Disclosure of Invention

The invention overcomes the defects of the prior art and provides a target tumor DNA fragment screening method based on deep learning.

In order to achieve the above purpose, the invention adopts the following technical scheme:

the first aspect of the invention provides a target tumor DNA fragment screening method based on deep learning, which specifically comprises the following steps:

Obtaining DNA sequencing data of a preset number of positive tumor samples and free DNA sequencing data of a control sample, and screening out specific characteristics of ctDNA fragments according to the DNA sequencing data of the positive tumor samples and the free DNA sequencing data of the control sample;

Constructing a training sample data set and a test sample data set according to the DNA sequencing data of the preset number of positive tumor samples and the specific characteristics of ctDNA fragments, and obtaining the training data set and the test data set after the processing by performing characteristic processing on the training sample data set and the test sample data set;

Constructing a tumor DNA fragment screening model based on a deep neural network, performing model building on the processed training set by using a neural network algorithm, and performing model performance test by using a test set to obtain a performance optimal model;

And acquiring positive tumor sample DNA sequencing data to be identified, carrying out positioning analysis on the positive tumor sample DNA sequencing data to be identified according to the trained tumor DNA fragment screening model, acquiring the position of a target tumor DNA fragment, and displaying according to a preset mode.

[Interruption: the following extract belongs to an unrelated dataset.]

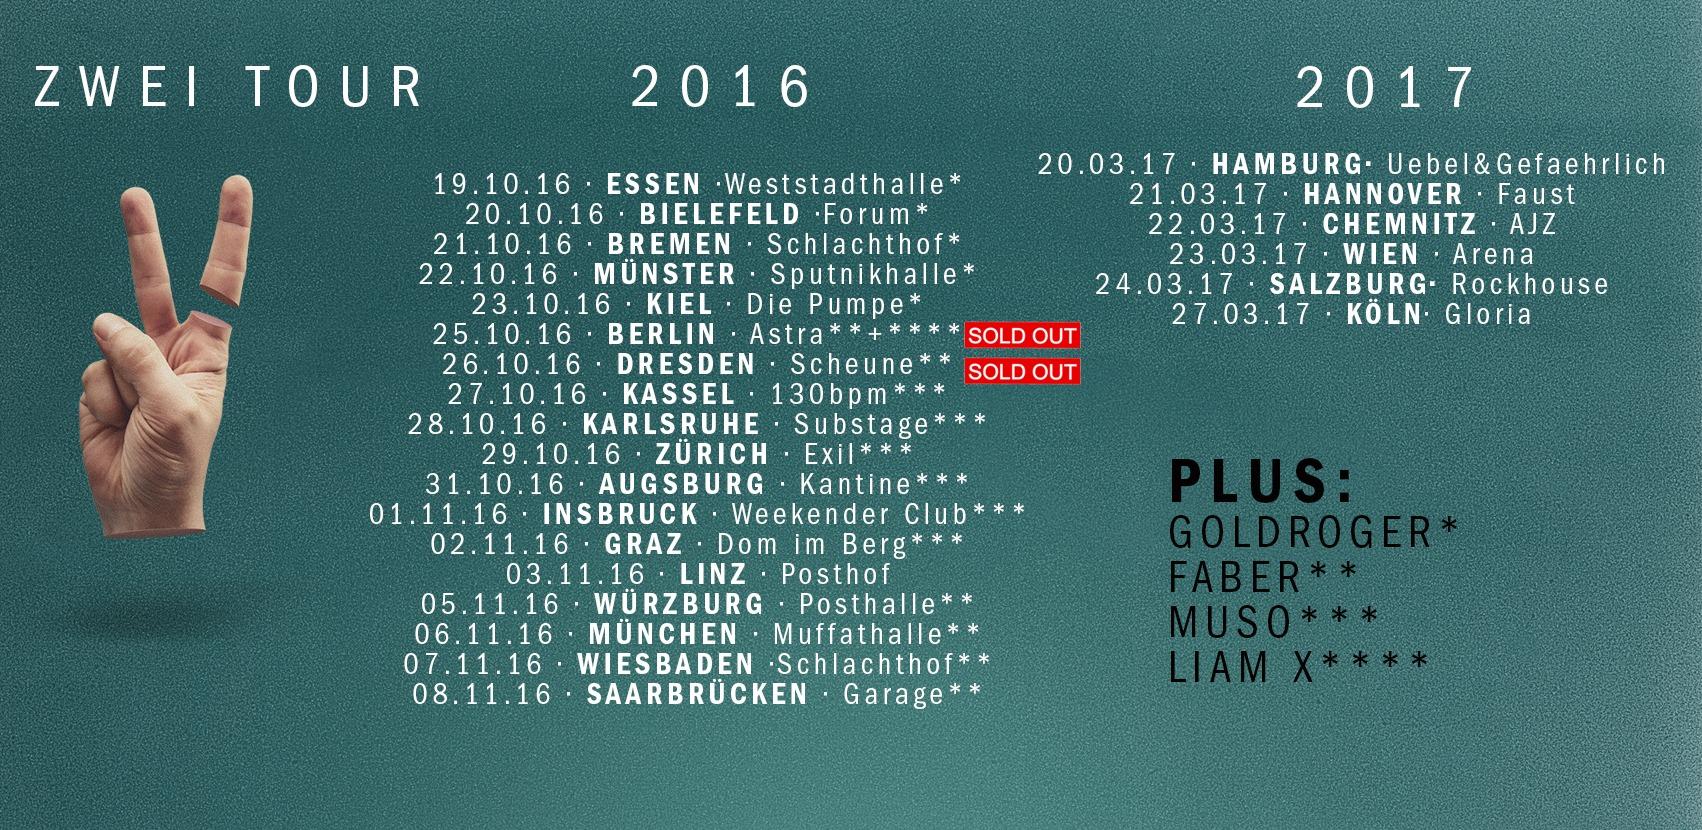 news-okkid-zwei-tour
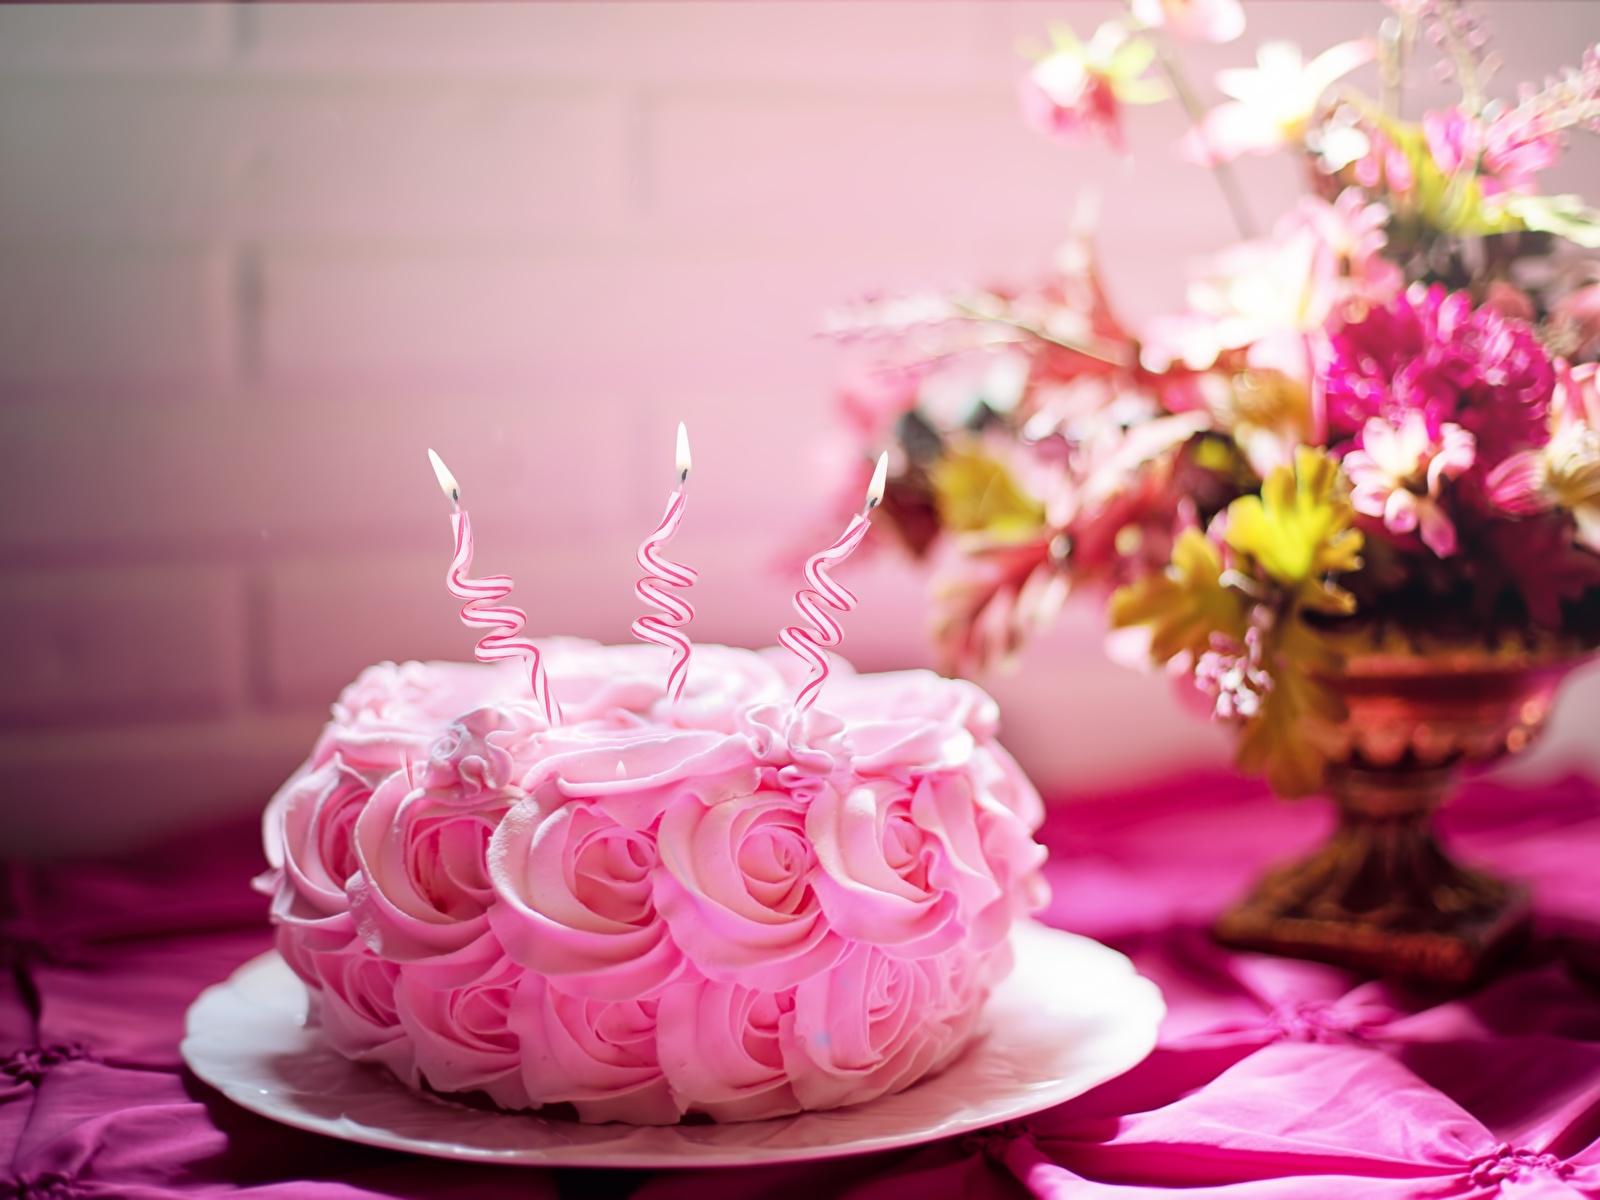 Фотографии День рождения роза Торты розовая Огонь Еда Свечи 1600x1200 Розы розовых Розовый розовые пламя Пища Продукты питания

Further, in the method, the DNA sequencing data of the positive tumor samples and the free DNA sequencing data of the control samples with preset numbers are obtained, specifically:

acquiring index data of initial sample data of positive tumors, setting a sample evaluation index range, and judging whether the index data of the initial sample data of the positive tumors is within the sample evaluation index range;

if the index data of the initial sample data of the positive tumor is within the range of the sample evaluation index, extracting positive tumor sample DNA sequencing data from the corresponding initial sample data of the positive tumor by a gene detection technology;

Counting and acquiring DNA sequencing data of a preset number of positive tumor samples, collecting free DNA sequencing data of a control sample, and outputting the DNA sequencing data of the preset number of positive tumor samples and the free DNA sequencing data of the control sample.

Further, in the method, specific characteristics of ctDNA fragments are screened according to the DNA sequencing data of the positive tumor sample and the free DNA sequencing data of a control sample, and specifically include:

Introducing a graph traversal algorithm, and performing first traversal on the positive tumor sample DNA sequencing data through the graph traversal algorithm;

Performing a second traversal by the traversal algorithm of the map against the free DNA sequencing data of the sample;

The same part and the non-same part between the DNA sequencing data of the positive tumor sample and the free DNA sequencing data of the control sample are obtained through traversal, and the DNA sequencing data of the non-same part between the DNA sequencing data of the positive tumor sample and the free DNA sequencing data of the control sample are extracted;

And taking DNA sequencing data of a non-identical part between the DNA sequencing data of the positive tumor sample and the free DNA sequencing data of a control sample as the specific characteristics of the ctDNA fragment, and outputting the specific characteristics of the ctDNA fragment.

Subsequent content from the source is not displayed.